A multimillion-dollar global industry is constructed around the promise of doing just that: cage diving with white sharks in South Africa and Guadeloupe Island; shark feeding in the Bahamas, Mexico or Fiji; diving with huge schools of hammerheads in Cocos Island and Galapagos.
That's great for thrill-seekers, but what about the sharks? As most scuba divers know — and previous studies have shown — sharks more commonly swim away from people than toward them. Does that avoidance behavior persist after the divers leave? Do sharks steer clear of sites that are frequented by divers?
Eager to understand how scuba diving activities over multiyear time scales influence shark behavior, scientists at UC Santa Barbara and Florida International University set out to find answers. They found human-shark interaction can take place without long-term effects on the sharks. Their research appears in the Marine Ecology Progress Series.

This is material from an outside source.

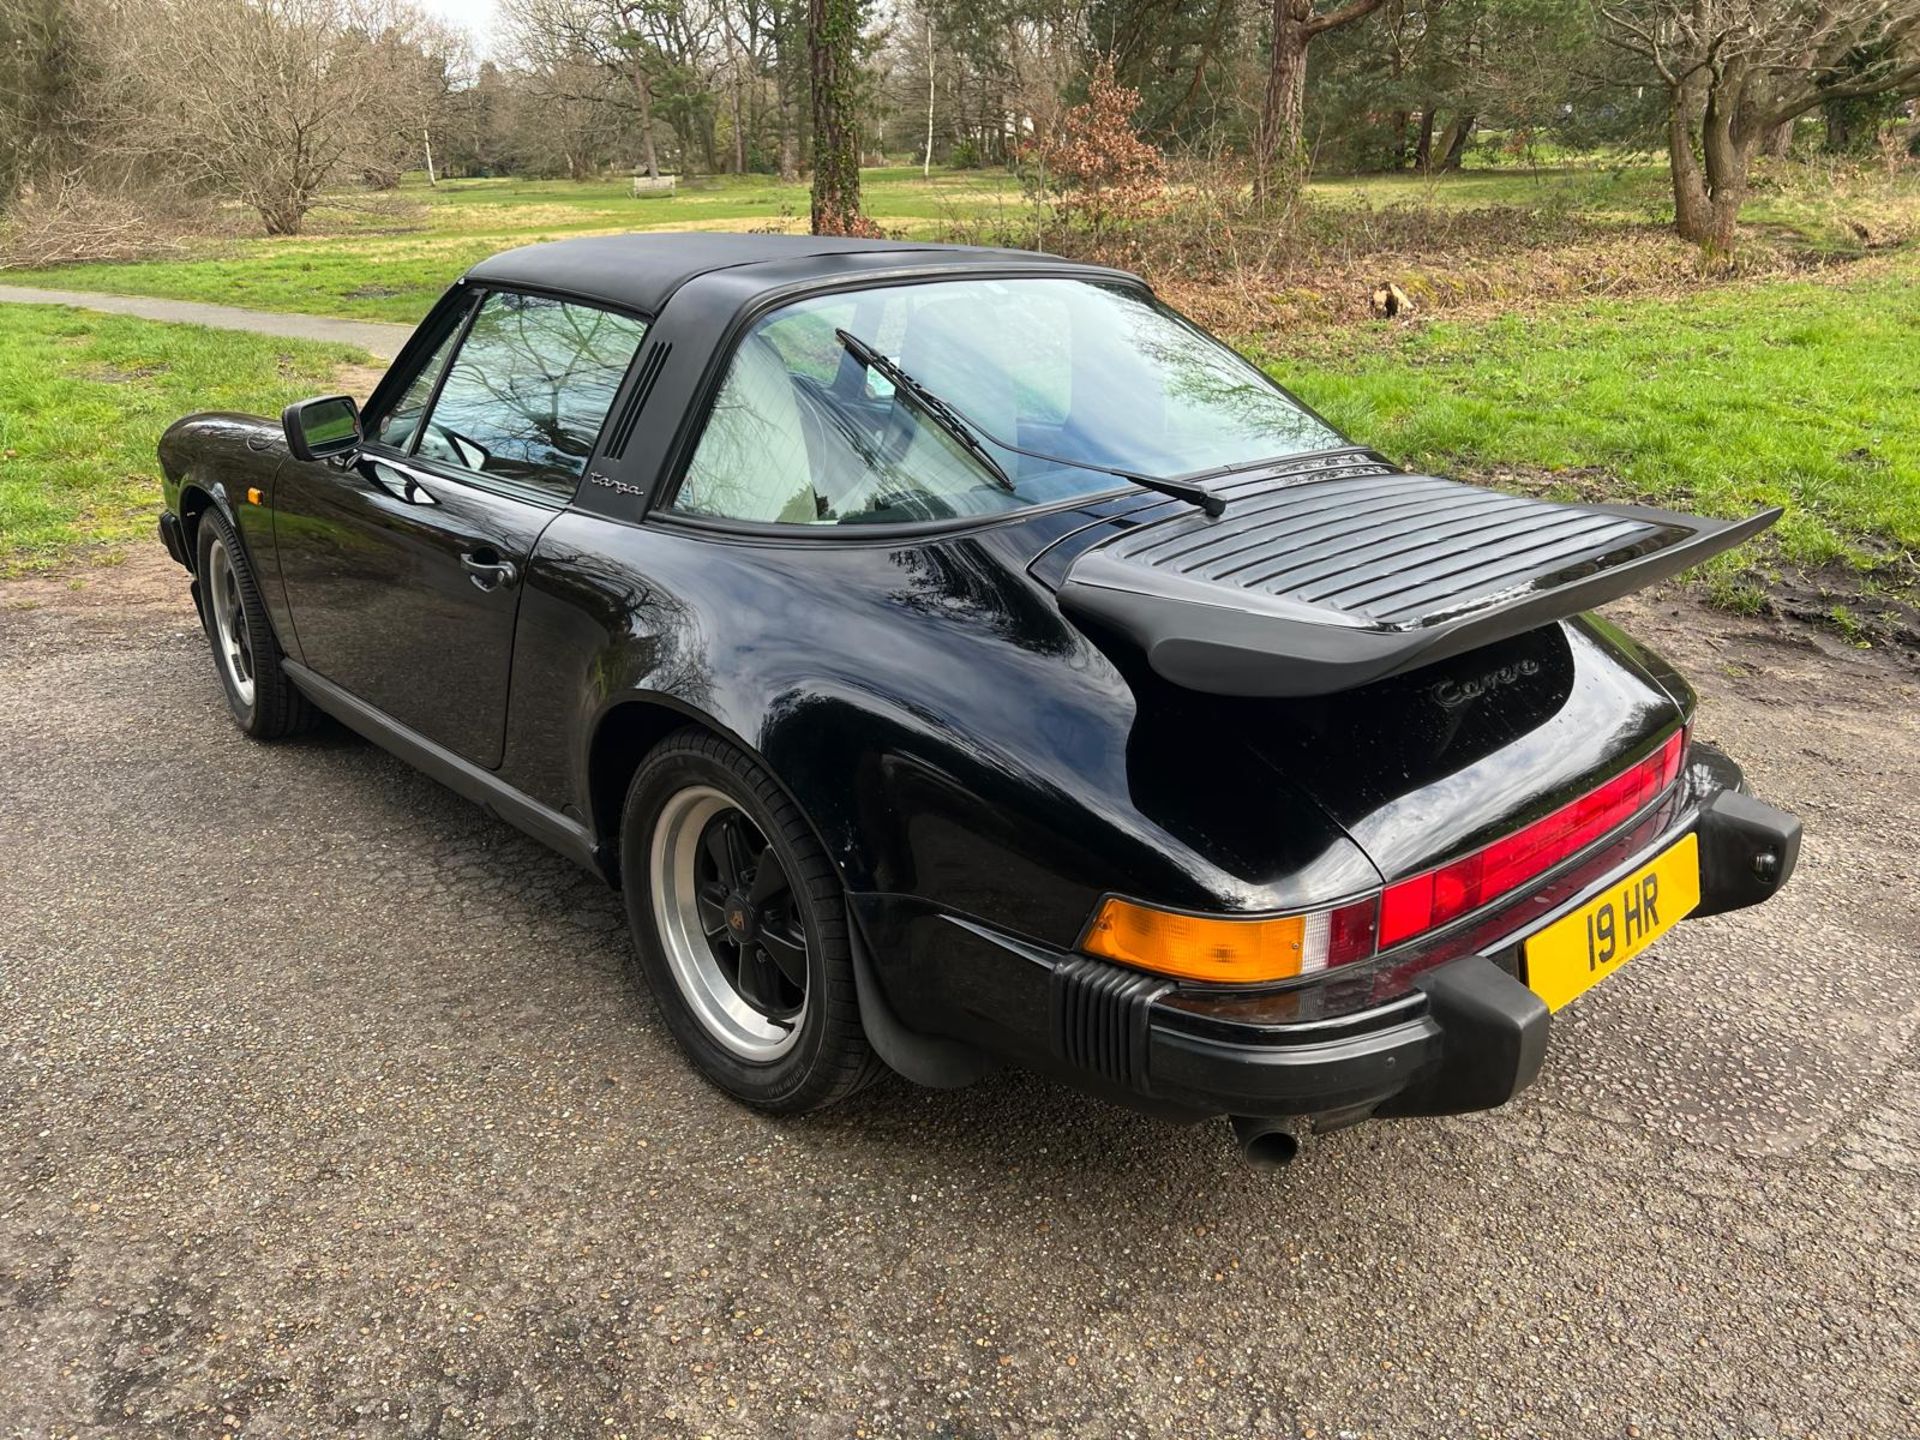 1988 Porsche Carrera Targa 3.2 - 27 yrs ownership, 61,000 miles with only 3500 miles in last 25 yrs - Image 11 of 18

"Unfortunately, human impacts on shark populations are ubiquitous on our planet," said lead author Darcy Bradley, a postdoctoral researcher at UCSB's Bren School of Environmental Science & Management. "That makes it difficult to separate shark behavioral changes due to scuba diving from behavioral changes caused by other human activities like fishing."
The researchers went to Palmyra, a remote atoll in the central Pacific Ocean, where shark populations are healthy, fishing is not allowed and the majority of its near pristine underwater world is rarely dived. However, Palmyra is home to a small scientific research station, where researchers dive in a handful of locations. This made the atoll an ideal site for studying whether and how shark abundance and behavior differ between locations where diving is more common and those where it is not.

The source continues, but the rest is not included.